DATA SUPPLIED:
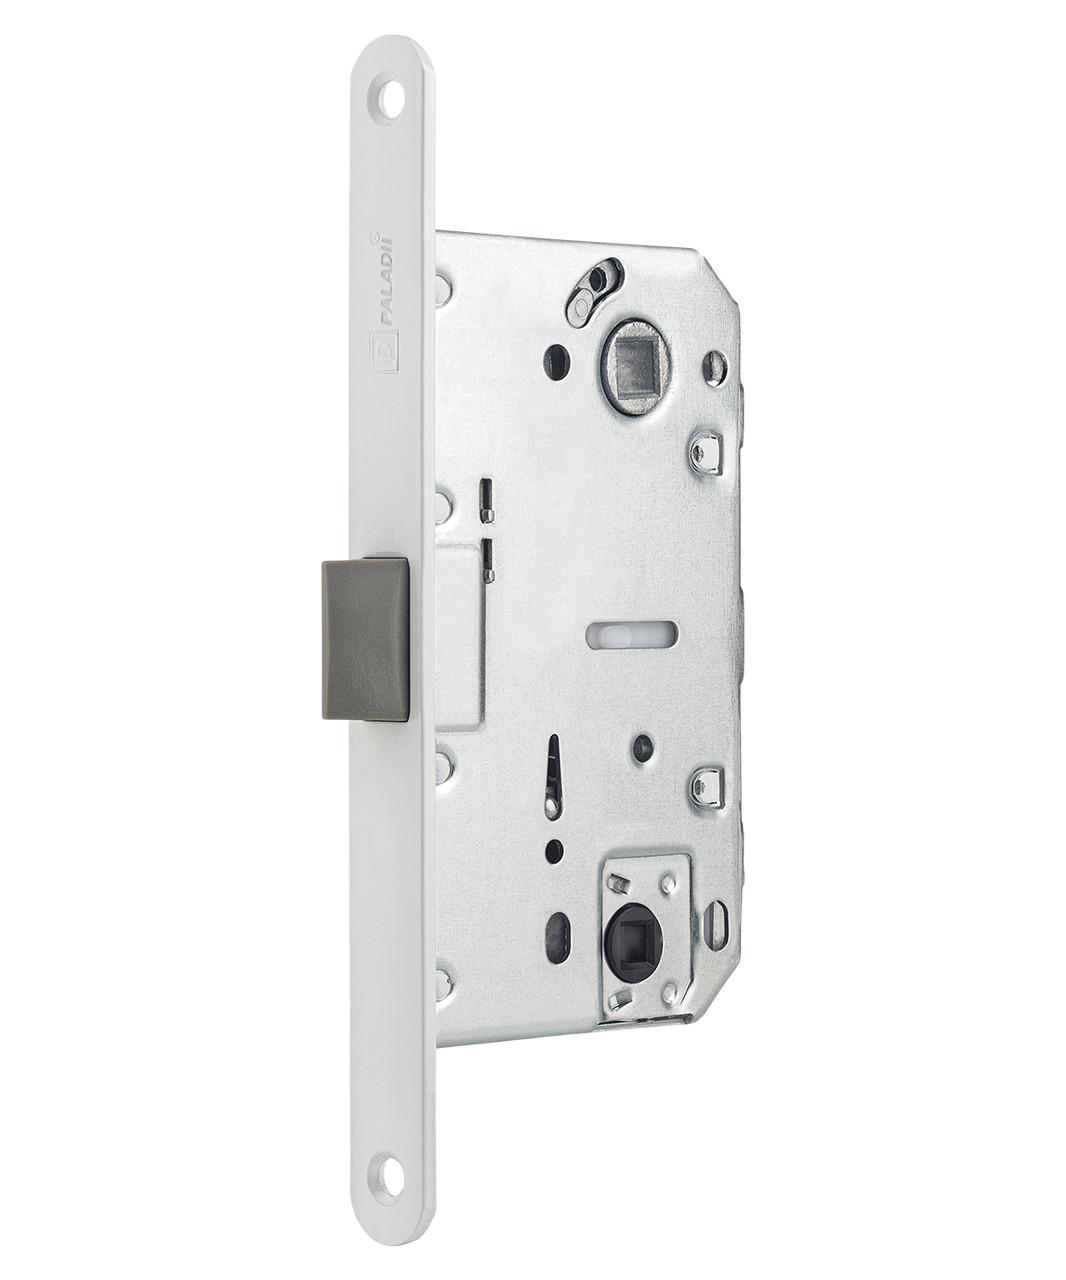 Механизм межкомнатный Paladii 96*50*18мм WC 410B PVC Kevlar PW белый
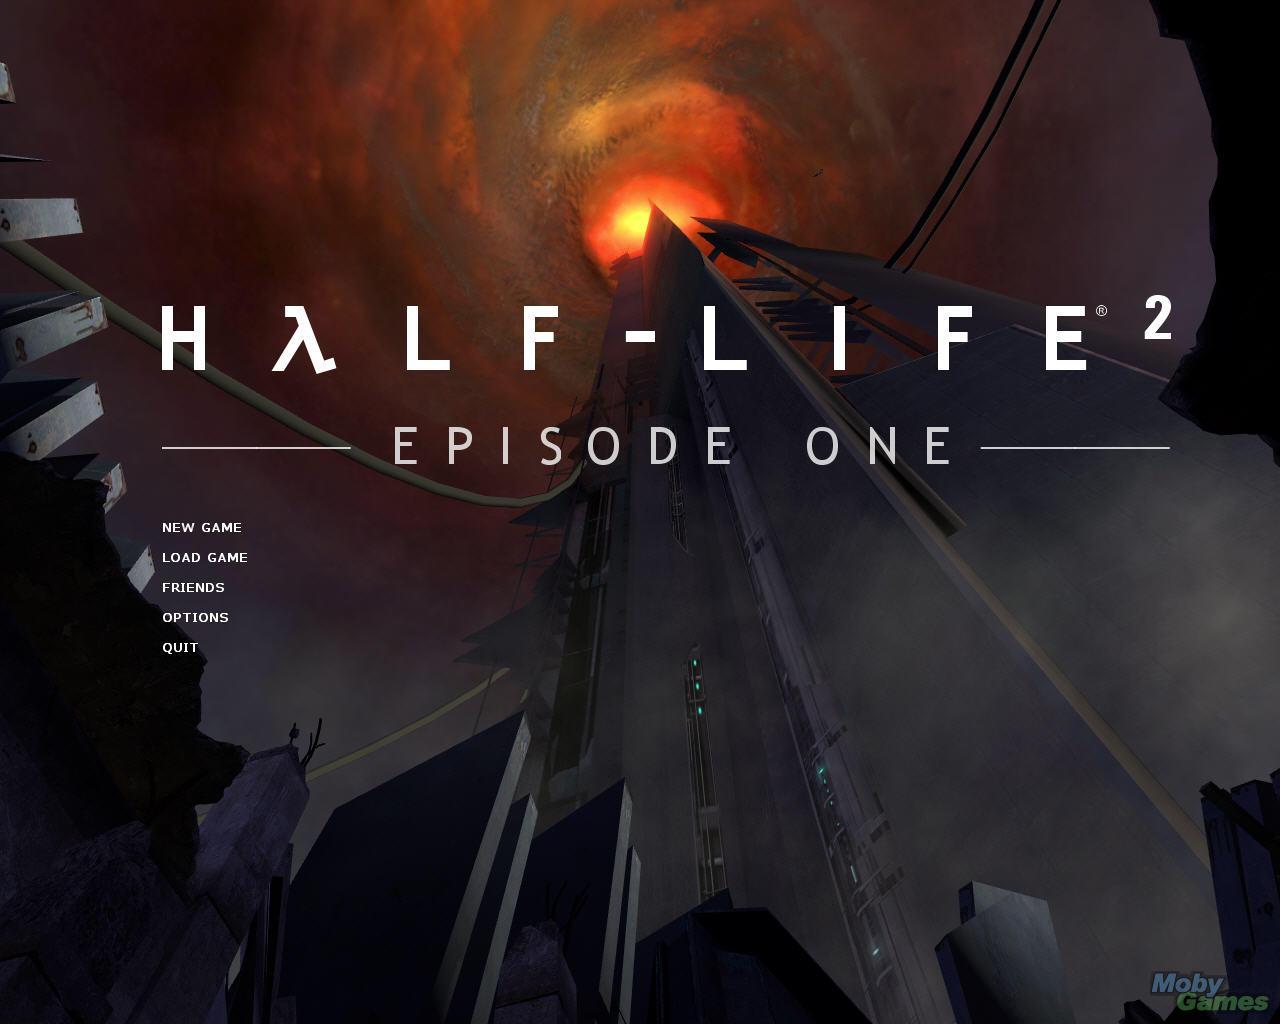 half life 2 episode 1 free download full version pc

--

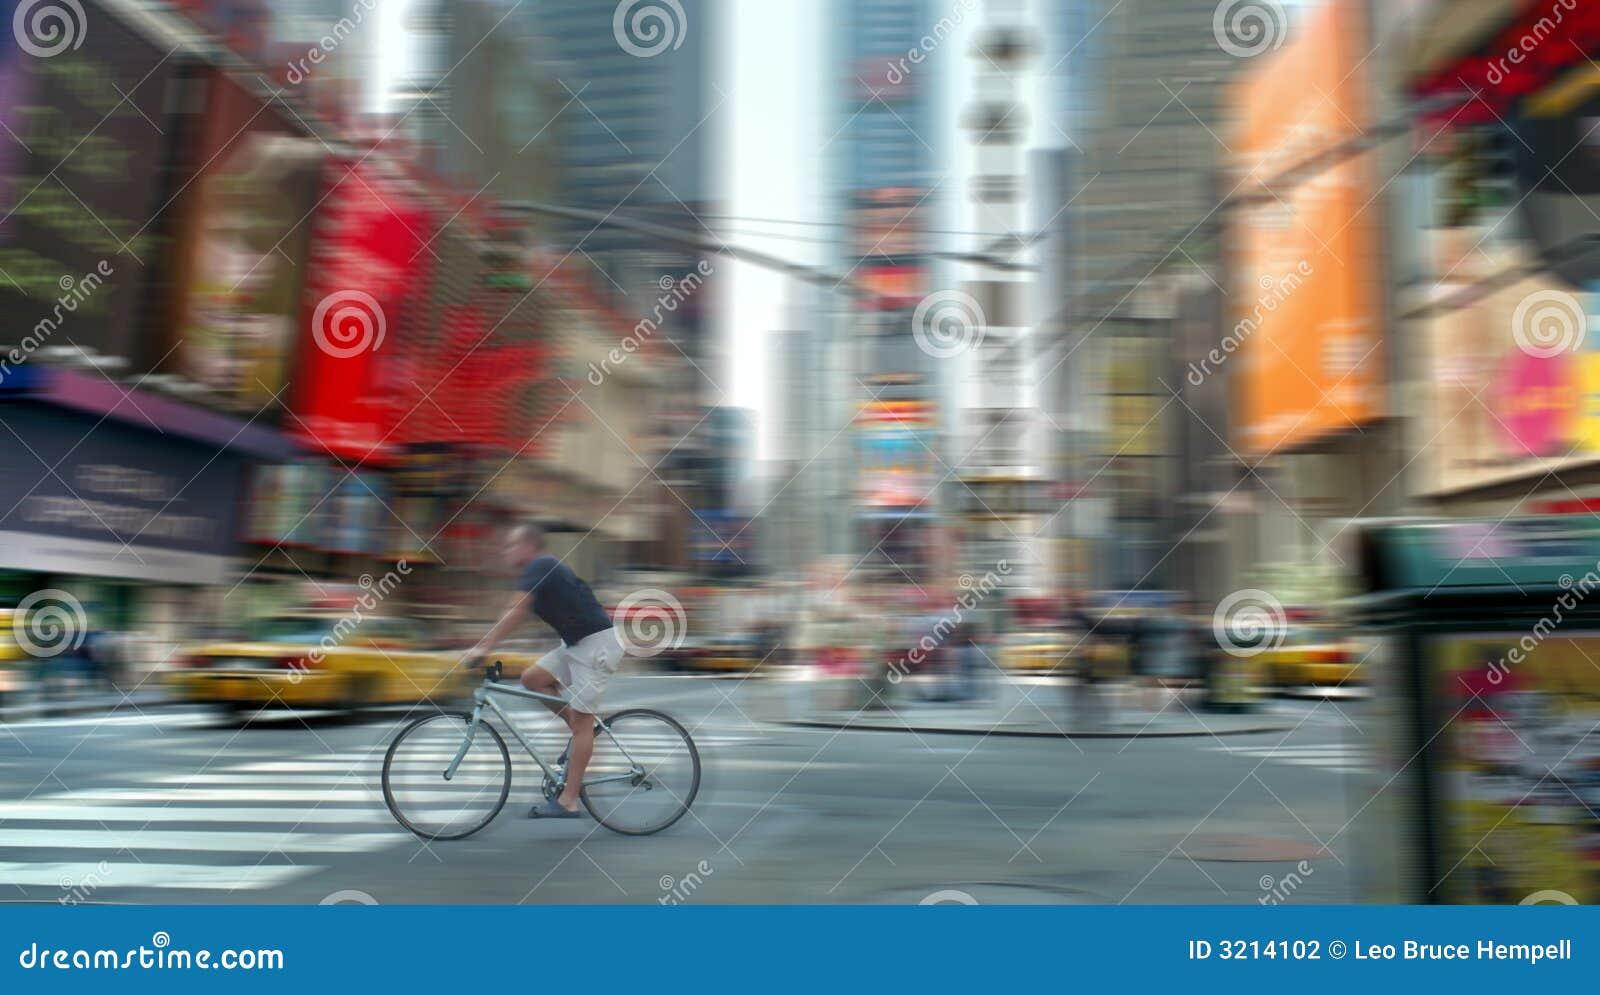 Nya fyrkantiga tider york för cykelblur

WHAT TO DO: Write out exactly the run of lines above that starts at the line containing "Механизм межкомнатный Paladii" and ends at the line containing "half life 2". Include both, and leave the pictures out.

YOUR RESPONSE:
 Механизм межкомнатный Paladii 96*50*18мм WC 410B PVC Kevlar PW белый
 half life 2 episode 1 free download full version pc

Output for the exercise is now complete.